I agree with someone else - I learned more about grammar and tenses from learning German than I did in English. Actually (and I'd forgotten I'd done this too Blush) I actually learned more about that in Latin (I got an E at O level)
I think Latin is probably more useful as the 'romantic' languages are all based on it - so if I am listening to someone I can guess what some words mean (like casa in Spanish/Italian/Portuguese) because of Latin -in fact if I don't know a word in French I will try the Latin (if I know it!) ...
(Bad teaching - it was the Cambridge Latin Course - I think it was rubbish or at least the exam was - having to learn large bits of the Penguin translations and just recognise the first few words of a paragraph...what a waste of time! -probably why I got an E!)

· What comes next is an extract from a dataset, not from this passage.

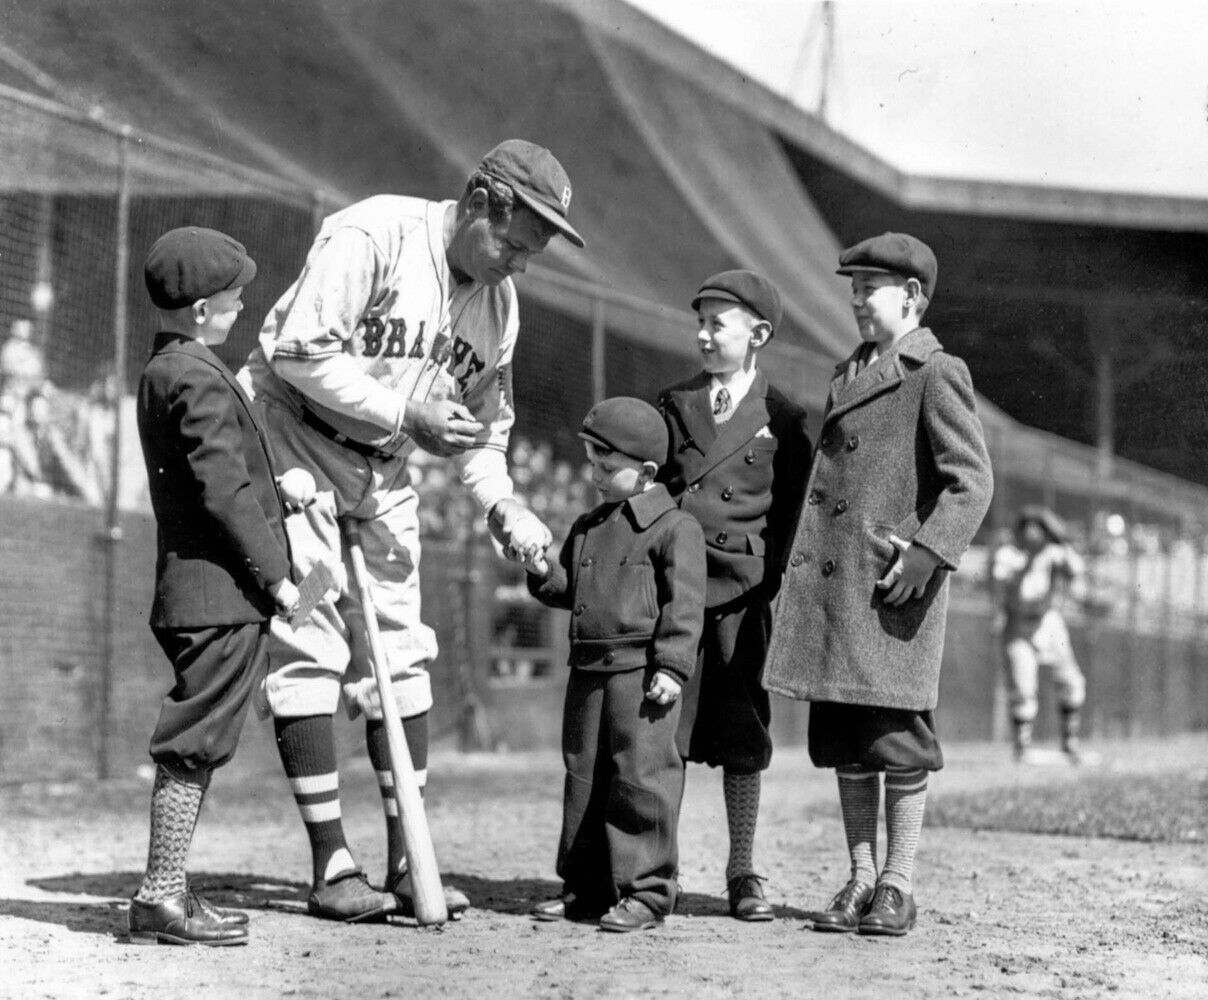 Baseball rare Babe Ruth sign balls for kids Baseball history photos 8x10 Photo

worrid I looked into advantages of raising a child bilingually a lot about 14 years ago and everything pointed to them being more likely to have delayed speech and finding English/learning to read more difficult. Seeing as we are failing lots of children in English anyway surely adding another language in would just make it worse. Think about teaching phonics - the difference between the English and French pronunciation of 'e' or 'ch'. I don't think we should be teaching children a FL from reception- before the basics in English are established. Especially not ones who struggle with just learning to read ...like dyslexic children.

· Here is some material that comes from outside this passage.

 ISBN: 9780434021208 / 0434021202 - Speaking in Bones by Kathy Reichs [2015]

And I agree pieceofpurple this one size fits all style of education is not doing children any favours. And the emphasis on league tables etc. What shocked me recently was talking to a teacher. I rebelled and stopped going to school from age 14 or so - I mainly just turned up for the exams and luckily I passed a few....the teacher said I wouldn't be allowed to that now - sit the exams - if I failed all of them it would drag the school ratings down so it would be better for the school if I just didn't do them ... to me that is wrong on so many levels. (Not that I deserved any different really - more the attitude you can't just enter a child for an exam on the off chance they do better than expected)

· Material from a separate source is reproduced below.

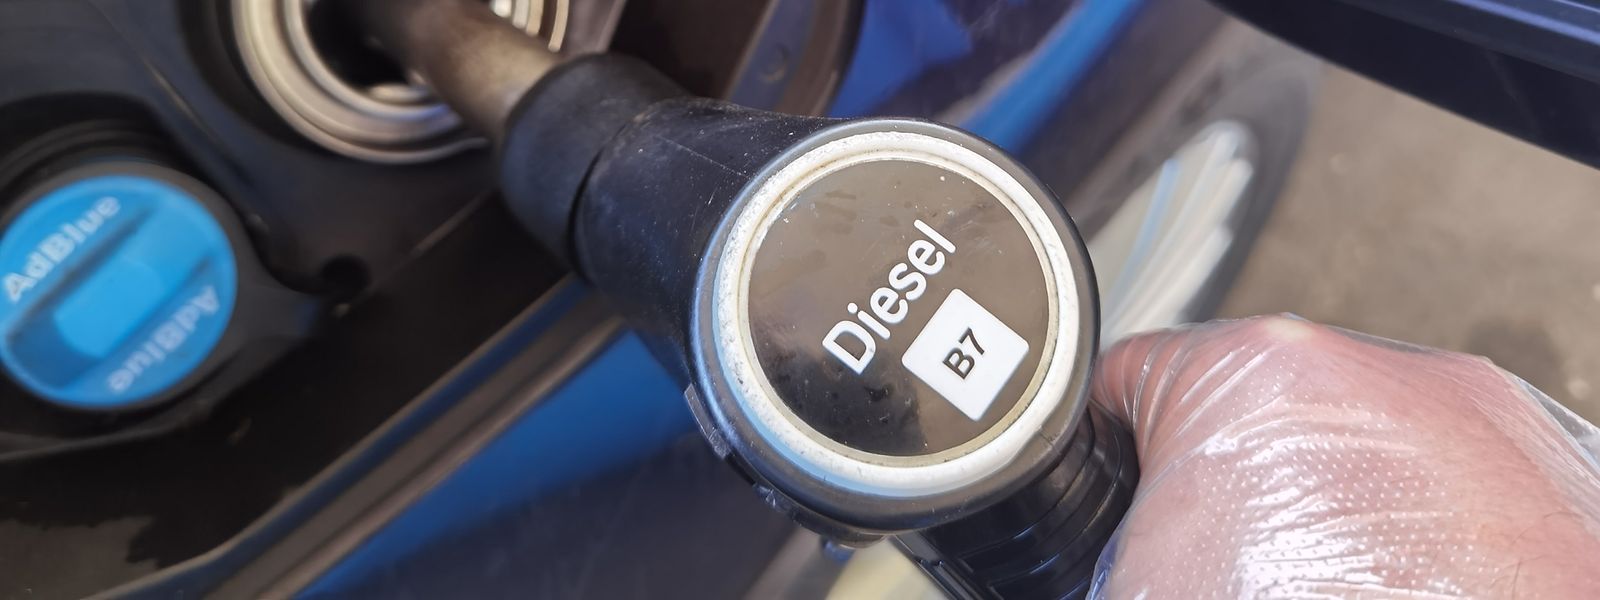 Au 1er septembre, son montant TTC passera à 30 centimes le litre (25 centimes hors taxes) pour les gazoles et essences.

SallyMcgally · 13/06/2015 01:17

I want to emphasise that my main gripe is that I think languages are just as important as sciences, and yet they get far less defence. So I agree that you take Maths and English and then choose according to your strengths. I did French, Latin, German and Ancient Greek and not one single science and I never felt the lack of them. What I loved as a little girl was role playing in different languages - playing the part of Marie-Claire and being allowed a little watered wine (pretend) with dinner, or having my gouter after school etc etc. Later on all the languages helped each other, including my English. But it was things like my French teacher sighing about how dramatic the French are - the milk doesn't boil over, it 'runs away'. You're not soaked to the skin in a France, you're soaked to the bone. The accumulation of little details like that make you enter into a different mindset, and I think that's really valuable. When we went on our Year Abroad at Uni, you could see people able to develop different parts of their personalities through growing in a different culture. It's wonderful, and I wish we did far more to open up these possibilities to more young people. It's true though that my language teachers were mostly fabulous and the science ones were appalling.